Oxidative Stress Levels Induced by Mercury Exposure in Amazon Juvenile Populations in Brazil
, Sandra S. Hacon 2, Claudia M. Vega 2,3, Jucilene A. Vieira 1, Ariane L. Larentis 1, Rita C. O. C. Mattos 1, Daniel Valente 1, Isabele C. Costa-Amaral 1, Dennys S. Mourão 2, Gabriela P. Silva 2 and Beatriz F. A. Oliveira 2
Round 1
Reviewer 1 Report
The study is very interesting and the authors show the effect of mercury in some indicators of oxidative stress in children population. However, glutathione is a low molecular weight antioxidant that is very prone to oxidation when samples are stored and this can affect levels. Therefore it is suggested to the authors to explain how to stabilize the samples to avoid the oxidation of reduced glutathione. In addition, GST catalyze conjugation of reduced glutathione to a wide range of substrates, then how can the enzyme activity be increased without affecting the glutathione reduced. Please explain more deeply.
Author Response
Dear Reviewer
Thank you for the opportunity to review our manuscript. We very much appreciate the comments and suggestions from your revision, and maked the necessary adjustments in the manuscript.
All recommendations and questions were answered below (in red).
Thank you again for your time and consideration,
In case of any questions, please do not hesitate to contact us anytime.
Best wishes,
Leandro Vargas B. de Carvalho
Response to Reviewer 1 Comments
English language and style are fine/minor spell check required
Response: The manuscript was entirely revised by an english native speaker.
1) The study is very interesting and the authors show the effect of mercury in some indicators of oxidative stress in children population. However, glutathione is a low molecular weight antioxidant that is very prone to oxidation when samples are stored and this can affect levels. Therefore it is suggested to the authors to explain how to stabilize the samples to avoid the oxidation of reduced glutathione. In addition, GST catalyze conjugation of reduced glutathione to a wide range of substrates, then how can the enzyme activity be increased without affecting the glutathione reduced. Please explain more deeply.
1) R. Our method employed in the GSH analysis did not use any feature to stabilize the serum. However, the samples were storage in ultrafreezer (-80 ºC), to control, reduce and/or avoid the oxidation of the GSH.
Serum GSH analysis was one of several biomarkers to evaluate the levels of oxidative stress induced by Hg uptake via fish consumption.

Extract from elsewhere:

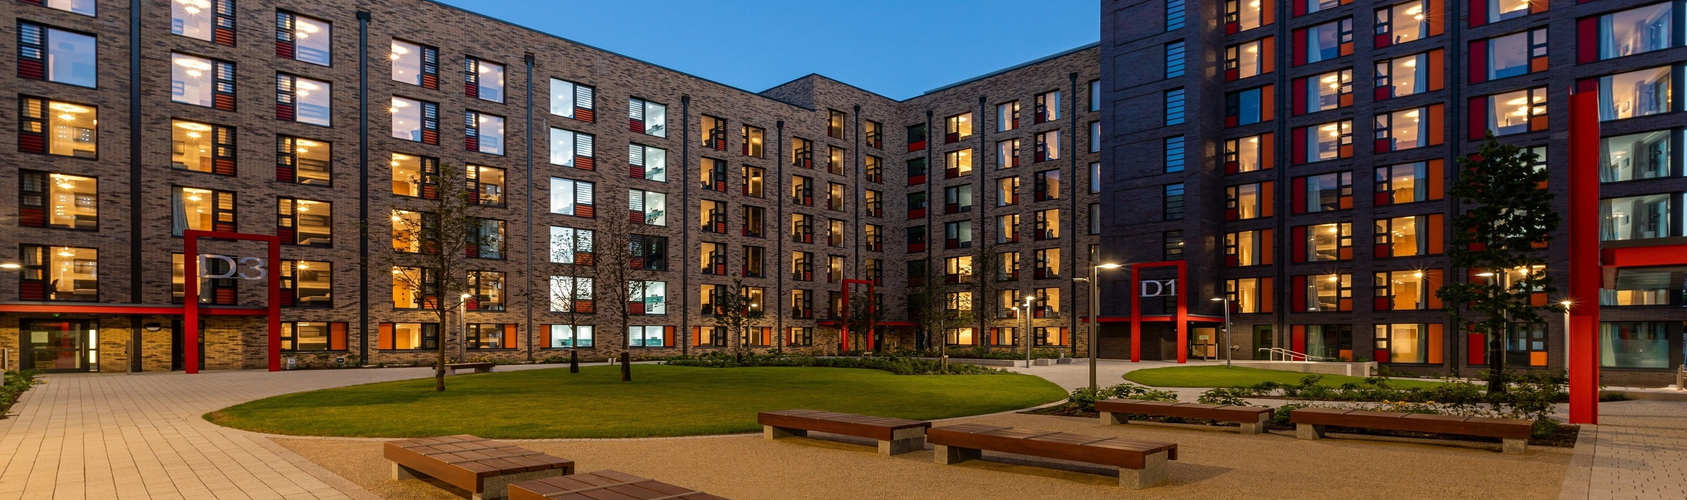 Exterior shot of the UCD Village accommodation with a night sky overhead

For GSH analysis the classical method (Hu, 1994) was used, by adding the DTNB Ellman's reagent. Analyzes plasma/serum GSH, as well as all other plasma/serum thiol groups, also were included in our study. So, we chose this simple methodology, more adequate for our study in Amazon, regarding the lack of infrastructure in the field work in the Amazon region. However, it has some limitations. The literature cites several studies that analyzed this biomarker, showing an increase or decrease of the levels of GSH in situations of exposure to Hg (Grotto et al., 2010; Rangel-Méndez et al., 2016; Stacchiotti et al., 2009). These studies corroborate our findings showing evidence of exposure to mercury and GSH (Figure 4A).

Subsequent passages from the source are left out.